**Provided material:**
++++++

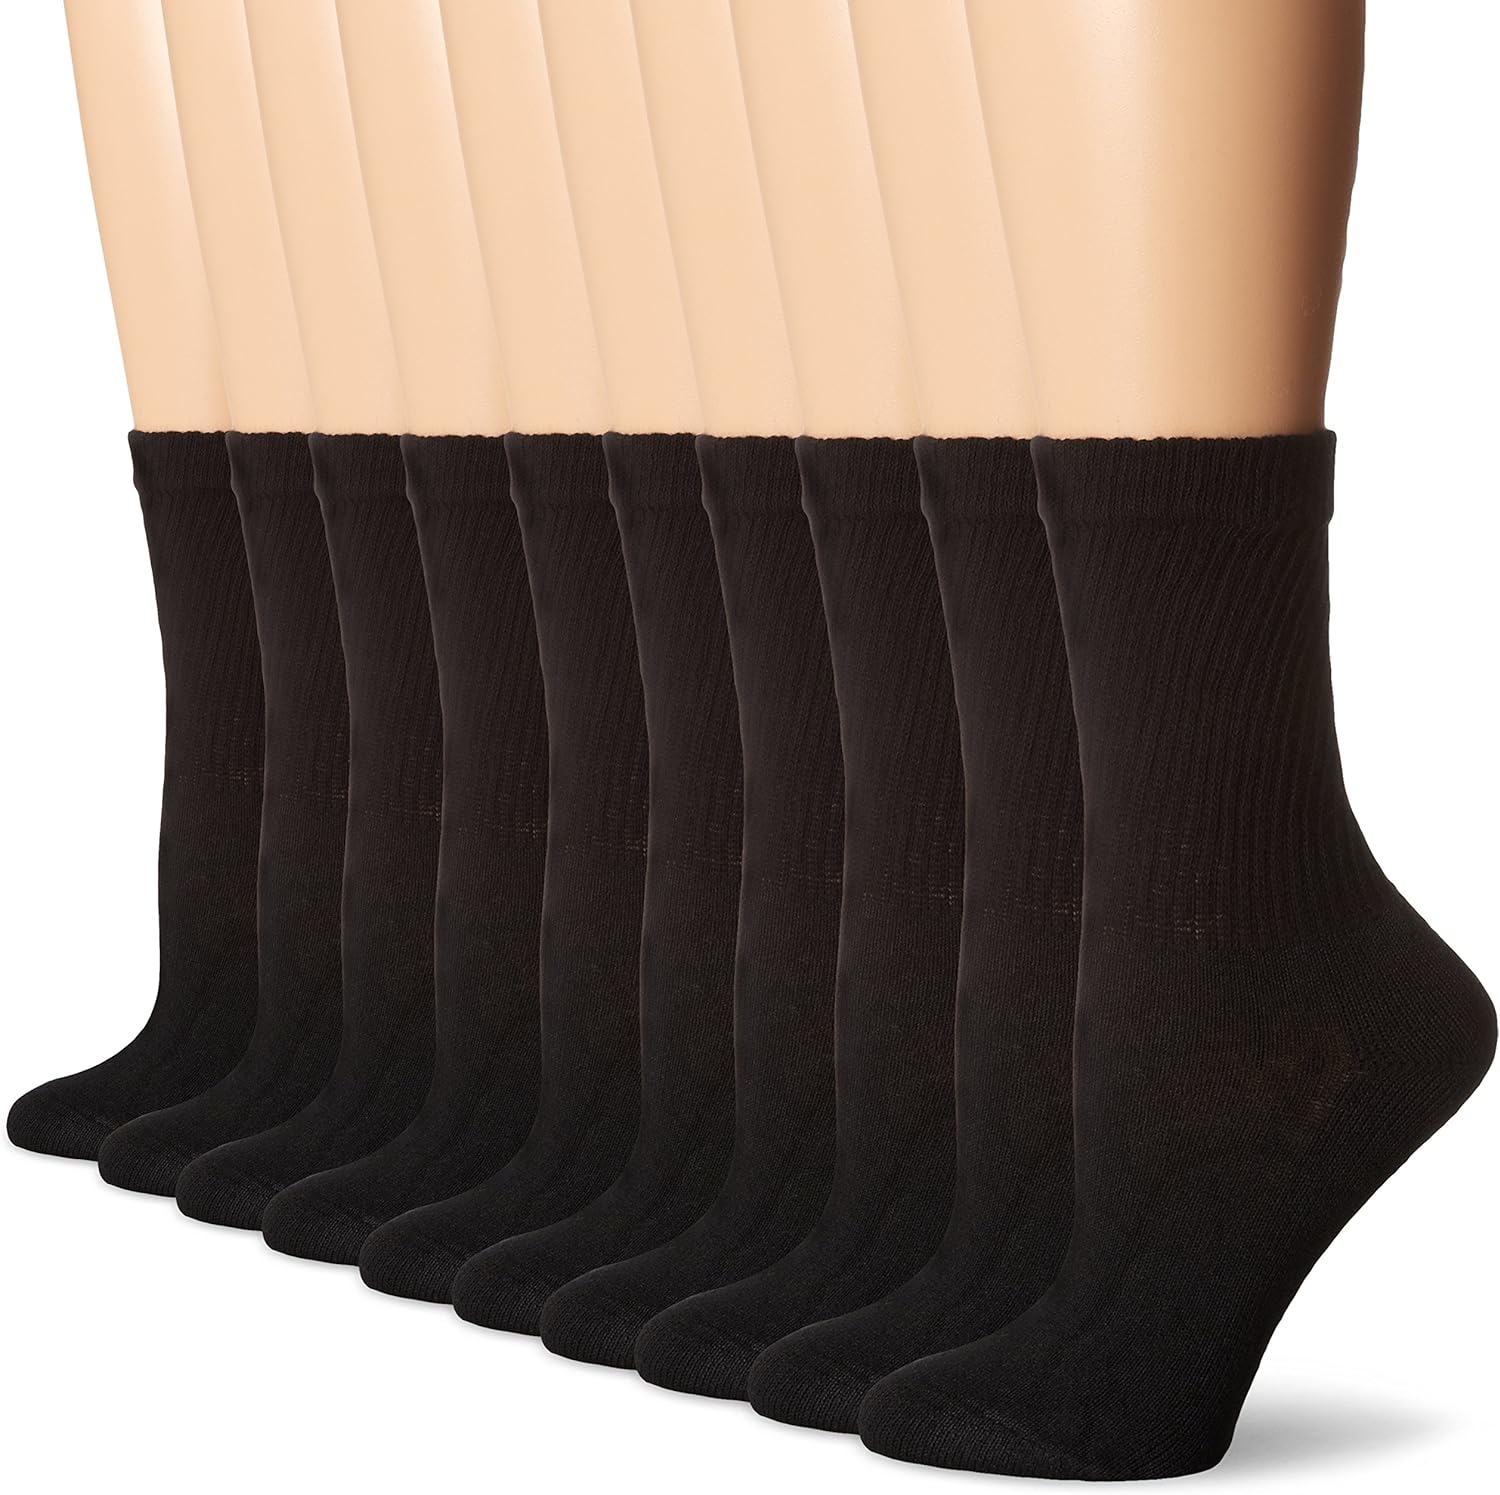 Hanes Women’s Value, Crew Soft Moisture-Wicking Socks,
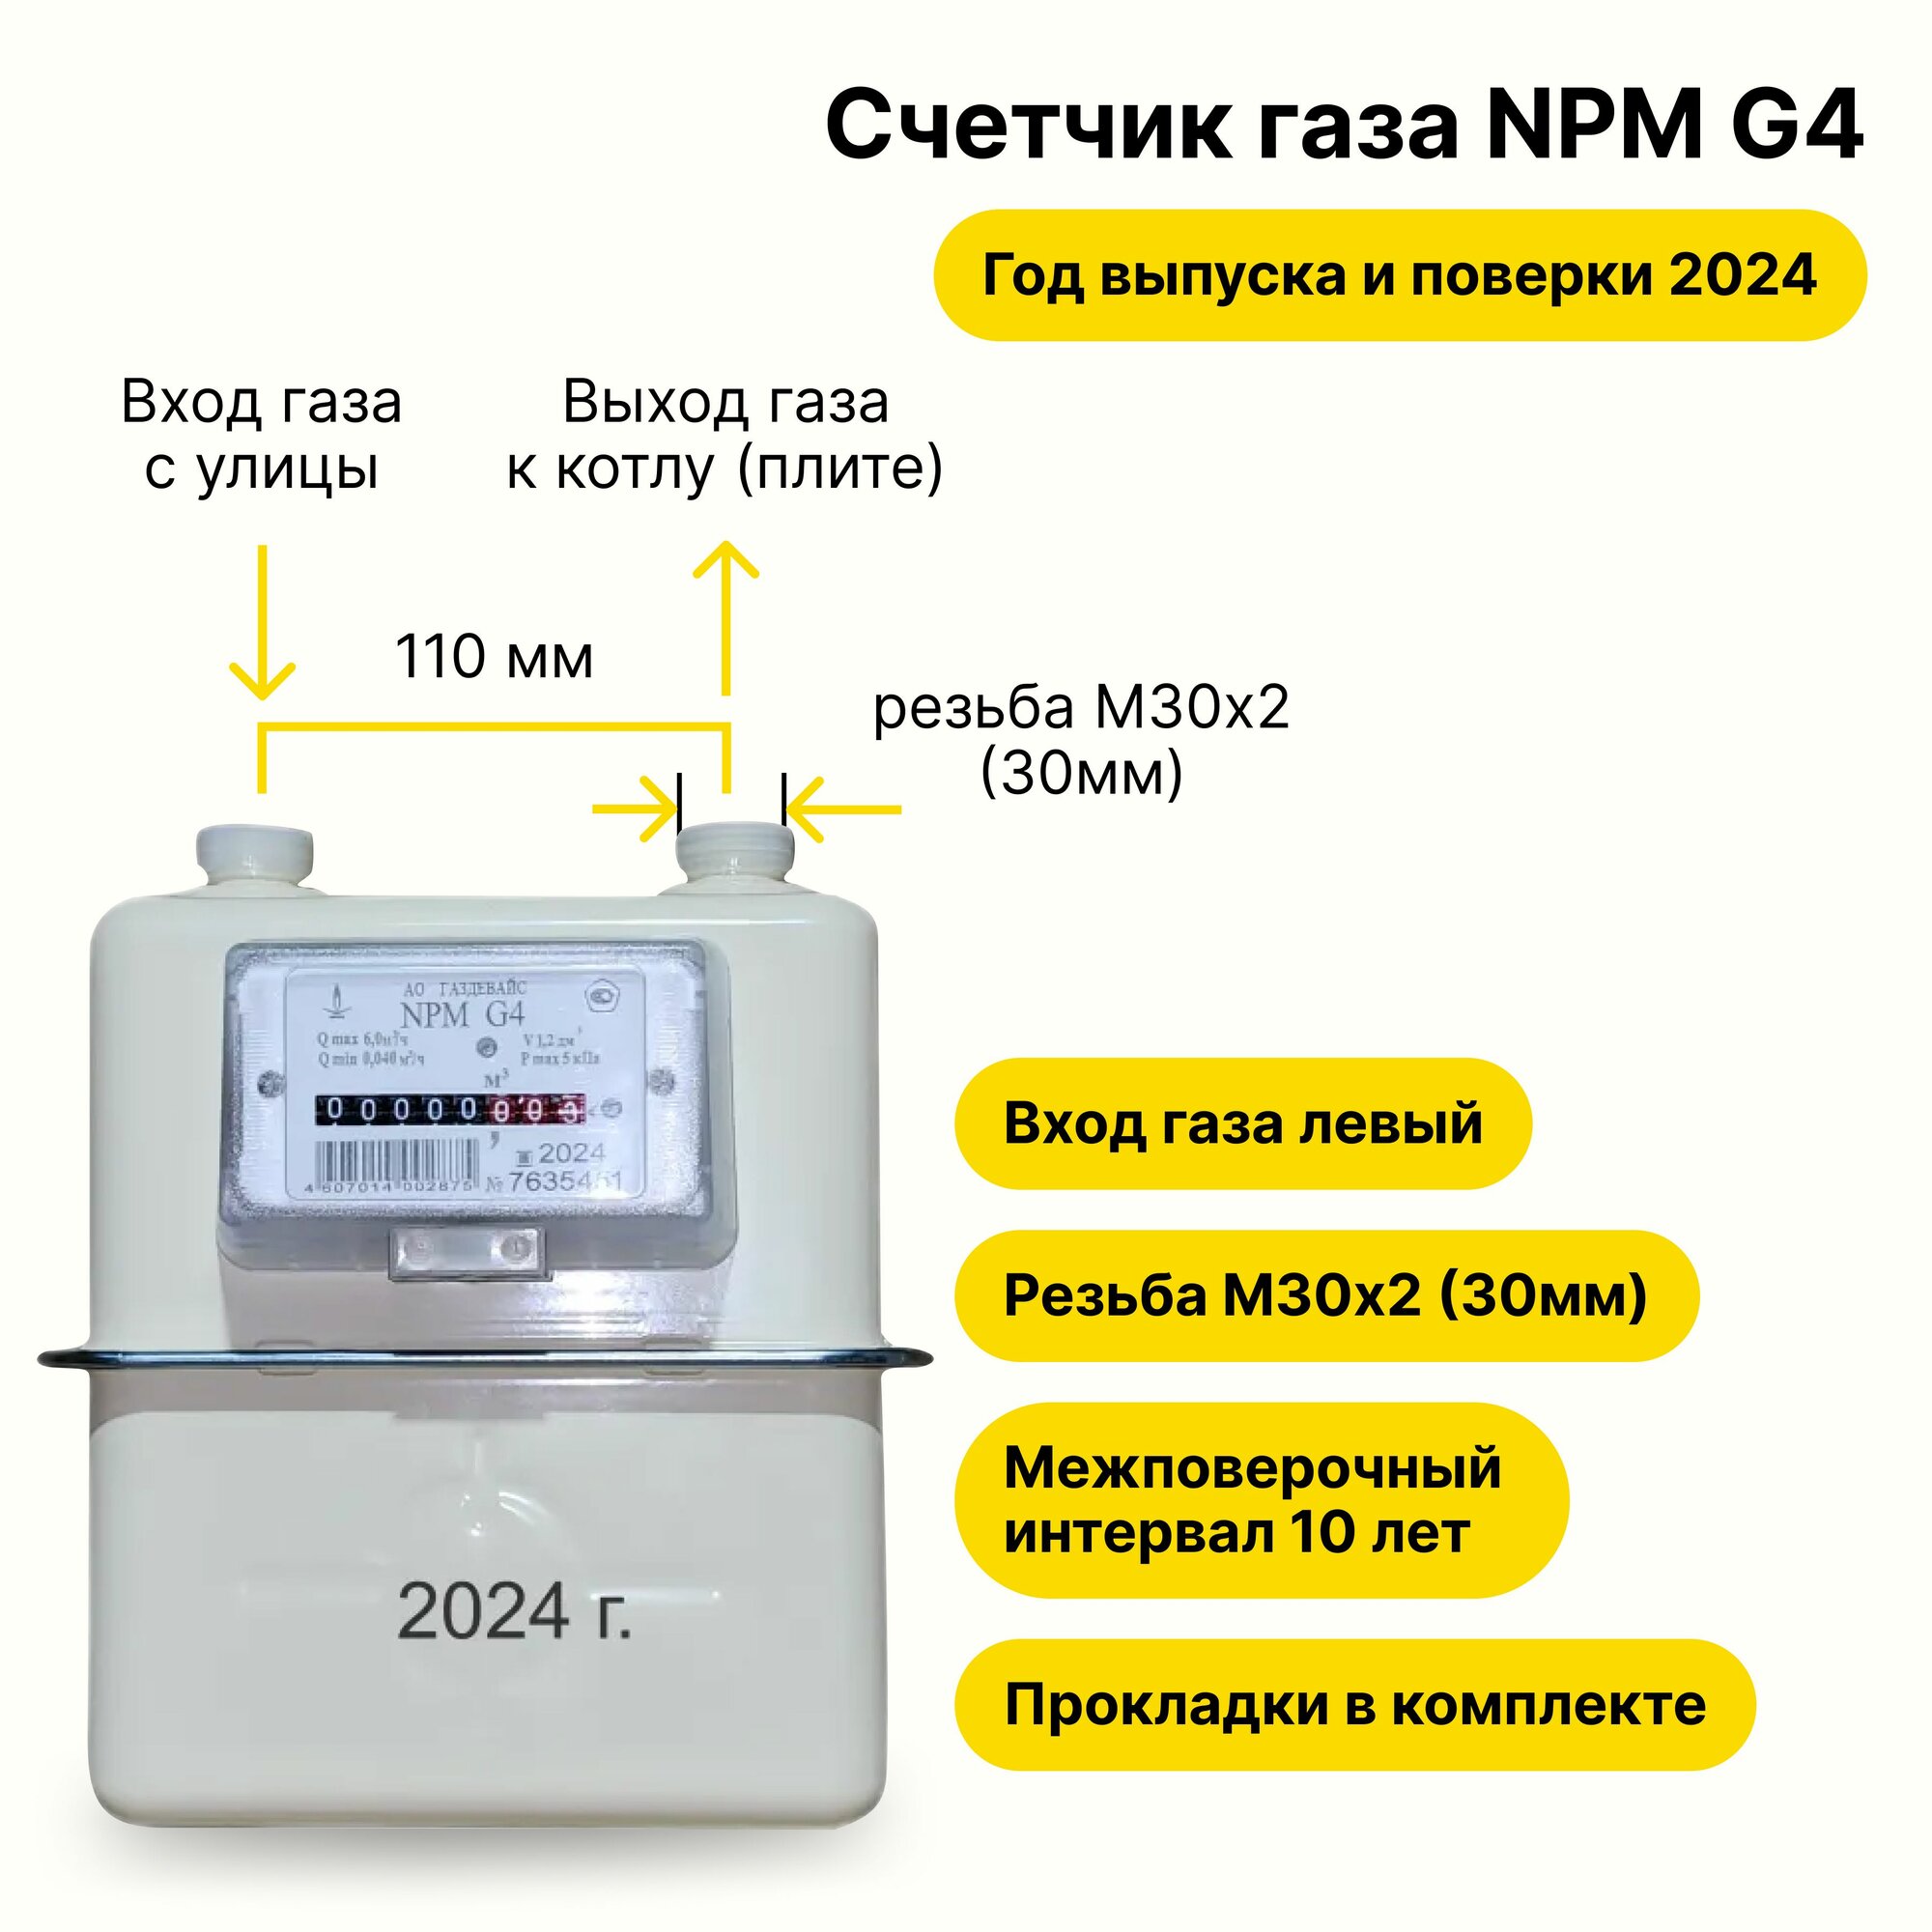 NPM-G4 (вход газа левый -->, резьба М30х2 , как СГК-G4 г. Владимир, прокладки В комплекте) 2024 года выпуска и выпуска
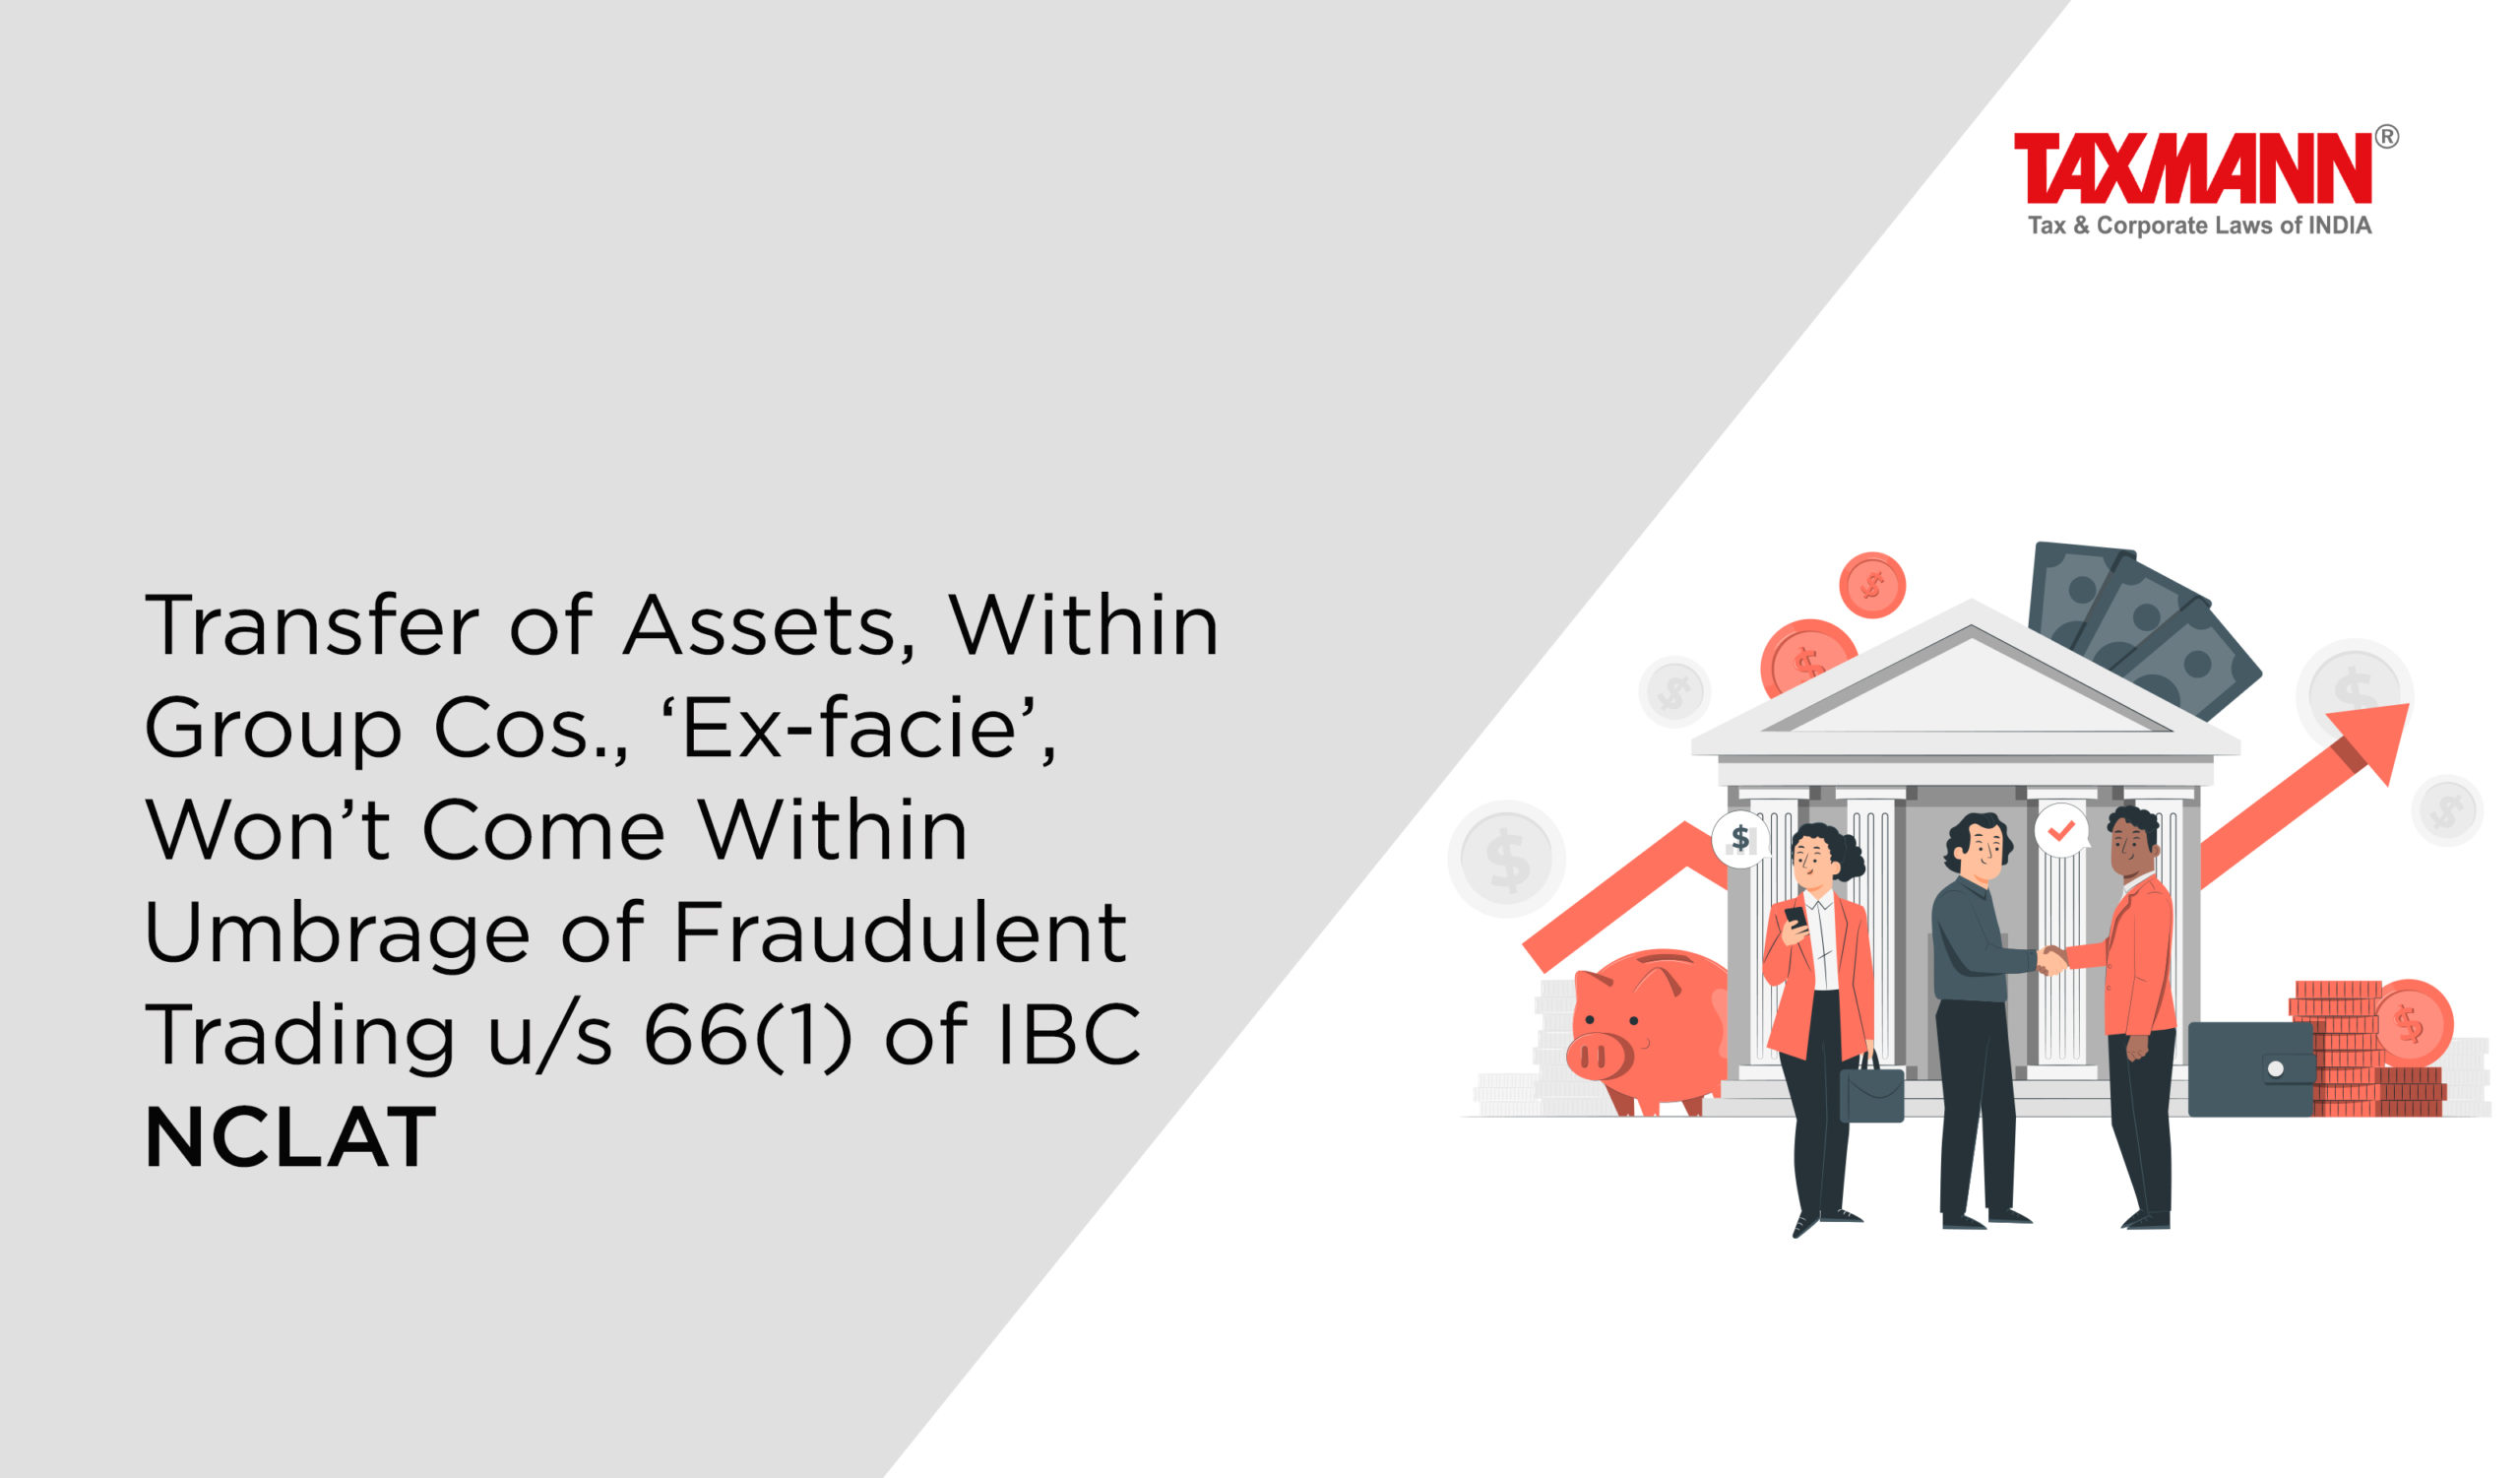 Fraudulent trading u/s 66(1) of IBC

++++++

**Prompt:** Reproduce the data above exactly, leaving each picture out.

**Exercise result:**
 Hanes Women’s Value, Crew Soft Moisture-Wicking Socks,
 NPM-G4 (вход газа левый -->, резьба М30х2 , как СГК-G4 г. Владимир, прокладки В комплекте) 2024 года выпуска и выпуска
 Fraudulent trading u/s 66(1) of IBC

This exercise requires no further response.